My “scaletta” or ladder sticks made with ciabatta dough and baked with pressed green and black Cerignola olives
These days there are (so-called) ciabatta everywhere. The grocery store has small hockey pucks that taste of chalk and chemicals (watch out for that “TBHQ added for freshness”*) but these can easily pass through the gullet with a bucket of water. I’ve even had “Eye-talian” slipper bread in West Virginia that was used to make “house special” garlic bread. Unfortunately, the shape and the way it was cut belied the fact that it was just a hot dog bun.
Making ciabatta is great fun and most rewarding. After 4 days nurturing starters, old dough pre-ferments, a poolish, then mixing the heavily-hydrated mass perfectly, performing due-dillegence in proofing, (rising) and standing by my Impinger pizza ovens, spritzing, peeking and turning, the final product is amazing. Making and cooking ciabatta is like having a kid…that you can eat. Sometimes I vary the way I cook this dough and make variations on the ciabatta theme. Below are two more examples.

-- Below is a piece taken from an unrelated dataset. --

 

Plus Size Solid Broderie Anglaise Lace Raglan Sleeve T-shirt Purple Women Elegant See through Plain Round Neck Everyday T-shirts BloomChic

Mr. Stipey, Manchego and nettle pizzas (left). Small schiacciata (right); Romagna (above) and local aged cheddar (below)
Sometimes making caprese sandwiches is like laying railroad tracks.
It’s usually 6 a.m. when I finish the ciabatta. The sun is starting to peek through my pizzeria window and Garrison Keeler is performing “Guy Noir- Private Detective” on the radio. I can cook 5 ciabatta at a time. I usually eye one that I save just for me. After slicing some room temperature Brie, Genoa salami, prosciutto di Parma, arugula and fresh tomato, I am in heaven.

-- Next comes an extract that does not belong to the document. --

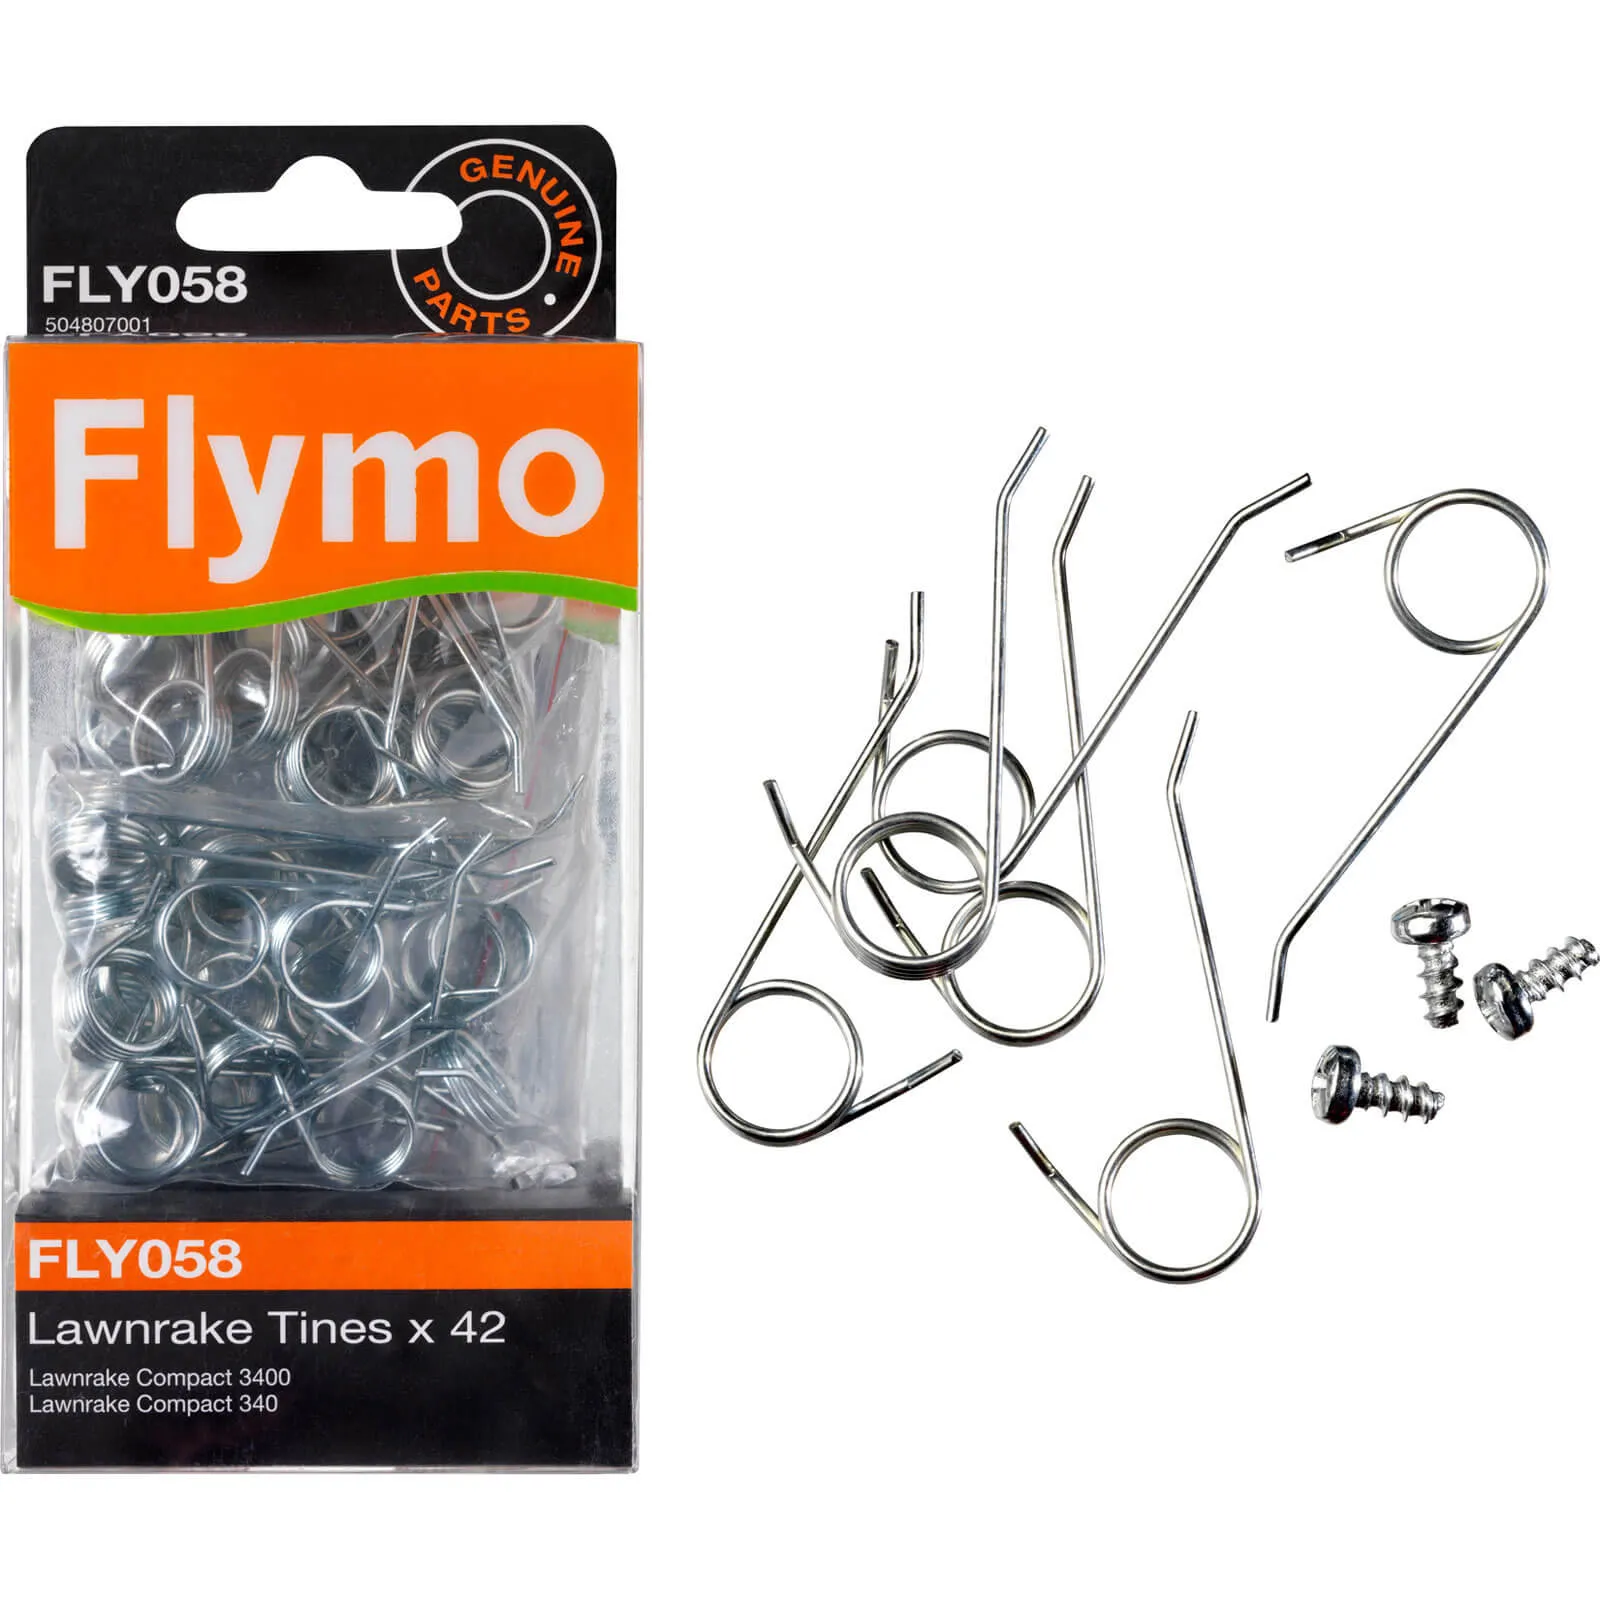 Flymo FLY058 Genuine Tines for Lawnrake Compact 3400 / 340 / 350 - Pack of 42

If you want my recipe for ciabatta, just send $1000 dollars (Canadian) to me. Or if you want a really great recipe, just go to Peter Reinhart’s blog.

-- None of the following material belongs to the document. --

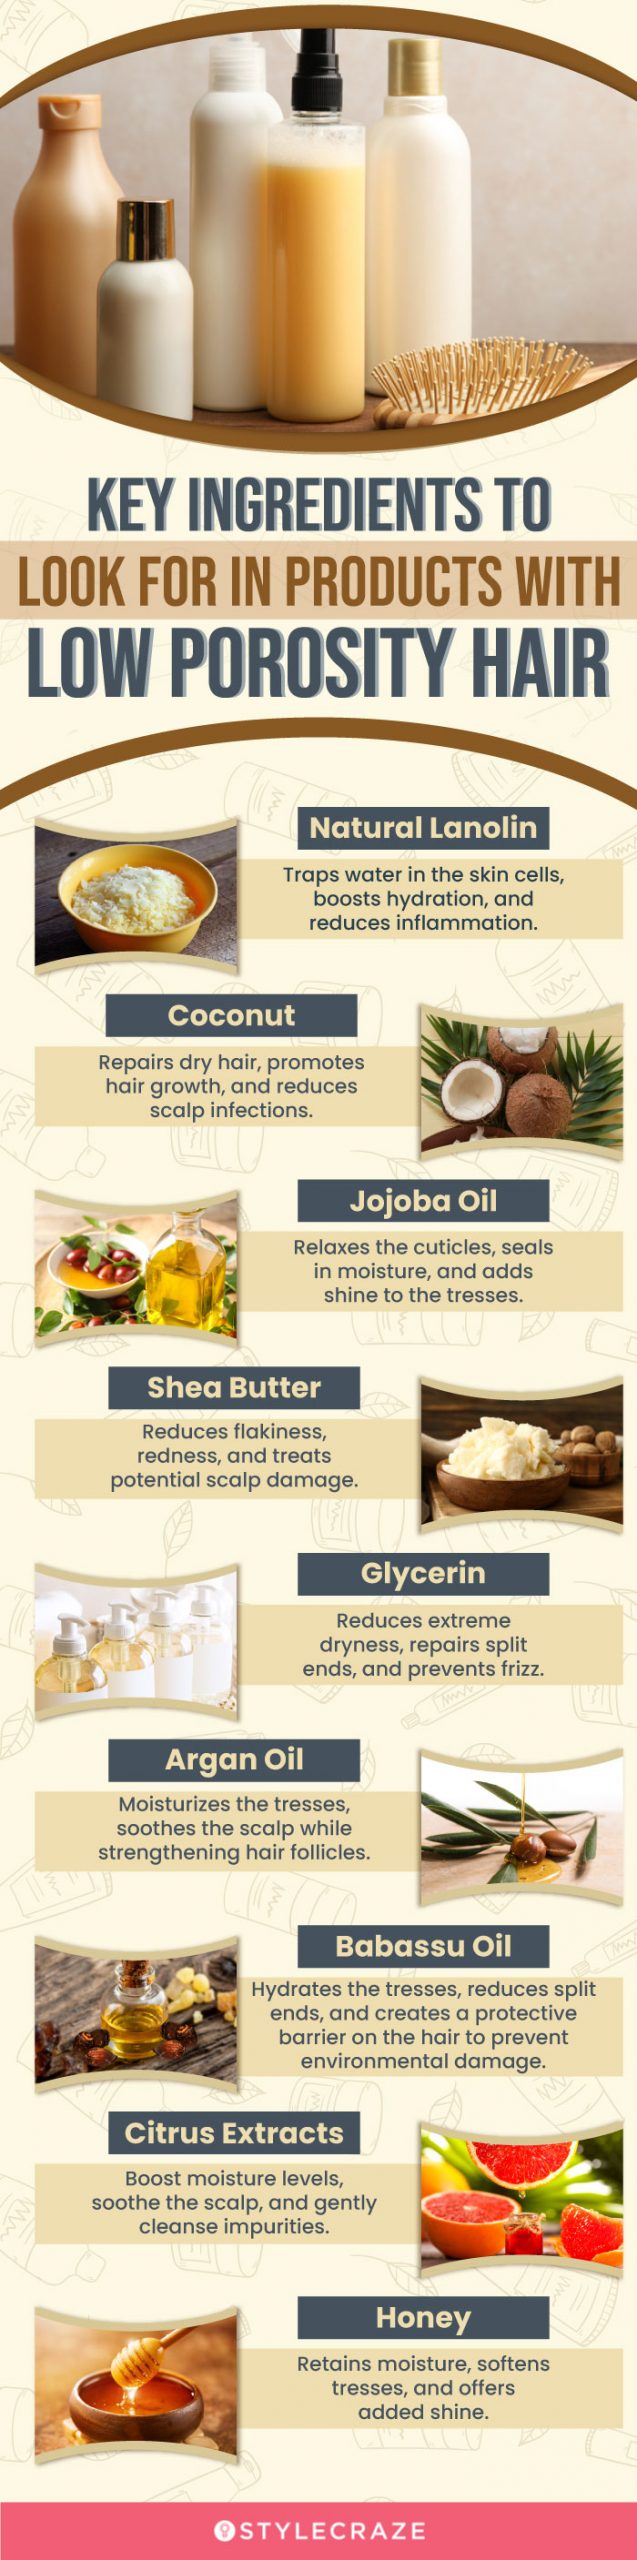 Key Ingredients To Look For In Products With Low Porosity Hair [infographic]

*TBHQ is a by product of butane. It is banned in Europe and Japan because of its proven relationship with ADHD and hyperactivity in children. Its use has grown since large food corporations have stopped using trans-fats in their foods. This means that they have to use real oils instead. To store these oils in massive quantities, they spike them with TBHQ. Unfortunately for us, because of lobbying efforts by large corporations, if a chemical is less than 5% of the product, the food companies do not have to put it on the label.